On President's Day, the Montana Legislature's bipartisan Joint Appropriations Subcommittee on Natural Resources and Transportation found over $220 million to fully fund Montana road construction projects.

Subcommittee Chairman Carl Glimm, a Republican from Flathead County, said Governor Bullock's budget originally had cut millions of dollars from infrastructure projects.

"Those projects were reduced by almost 24 percent from the Governor's budget," Glimm said. "We went into our subcommittee with a goal of finding as much money as possible for construction projects to build infrastructure for the taxpayers of the state of Montana without having to raise taxes. We were able to actually get enough to fully reverse the cuts the governor had made in his budget to the legislature."

Glimm said the committee was able to pare down the budget of the Department of Transportation, as well as find funds from other sources, without raising taxes.

"There's no increase in taxes," he said. "It's actually made through efficiencies found in our work. The department had quite a  number of empty or vacant positions  that we eliminated, so we were able to take that money and put it towards construction projects, and we also found significant savings on the administrative side. It's all funding that was meant for the state's special highway fund."

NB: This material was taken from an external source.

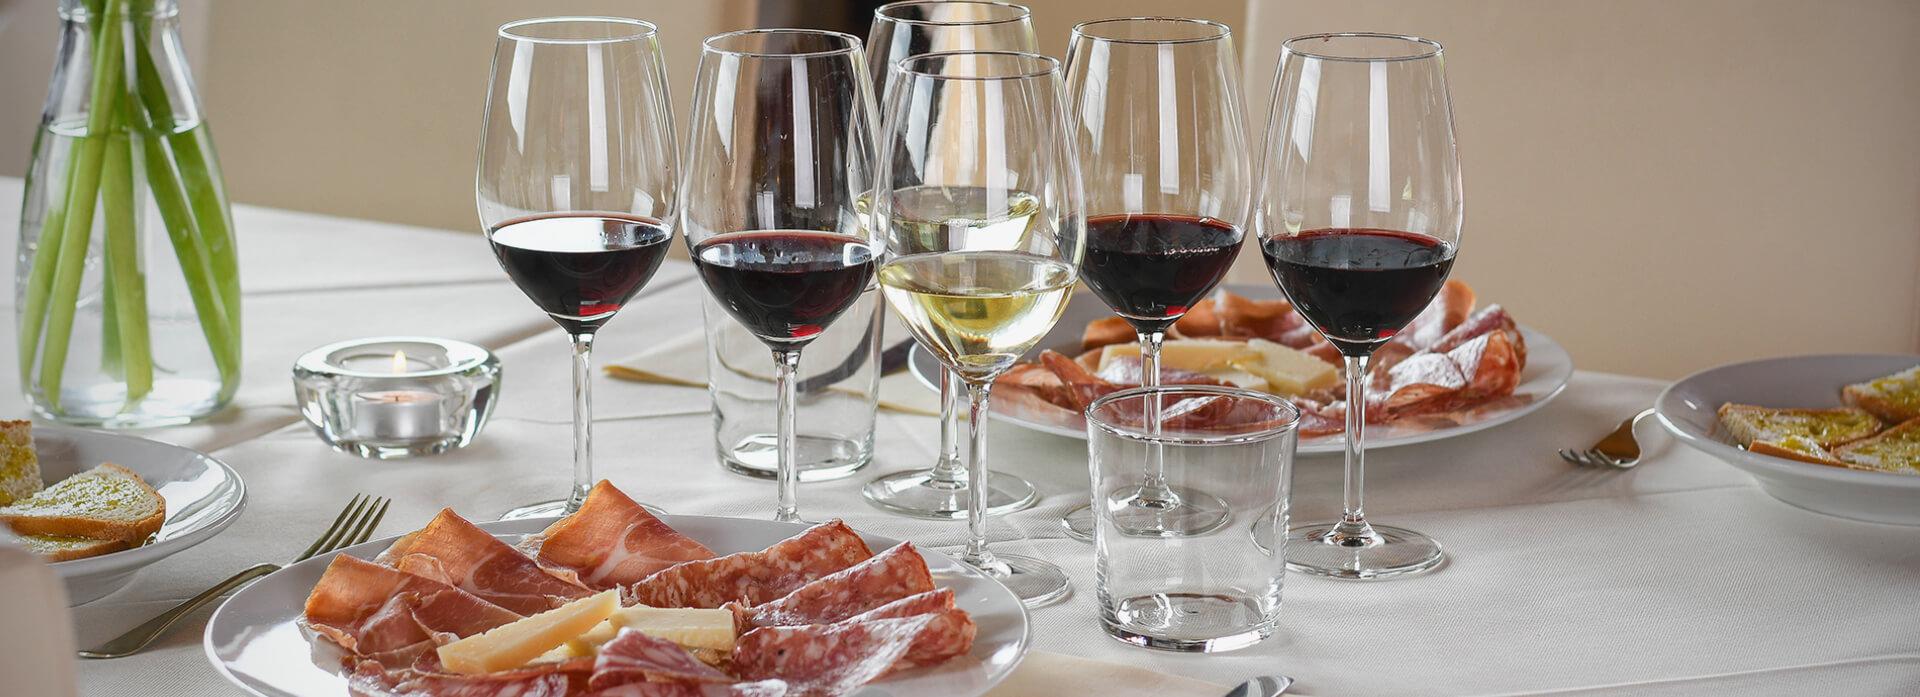 degustazione-vini-scansano-terenzi

Glimm said the restoration of funding will be a boon to private sector construction companies over the next two years.

"It's an additional $220 million dollars worth of construction projects that will go out," he said. "That will be welcome news for construction companies across the state because it's 24 percent more than we were going to spend under the governor's proposal. In the first 37 days of the legislature, we were able, through a bipartisan effort, to restore than money to the highway construction fund."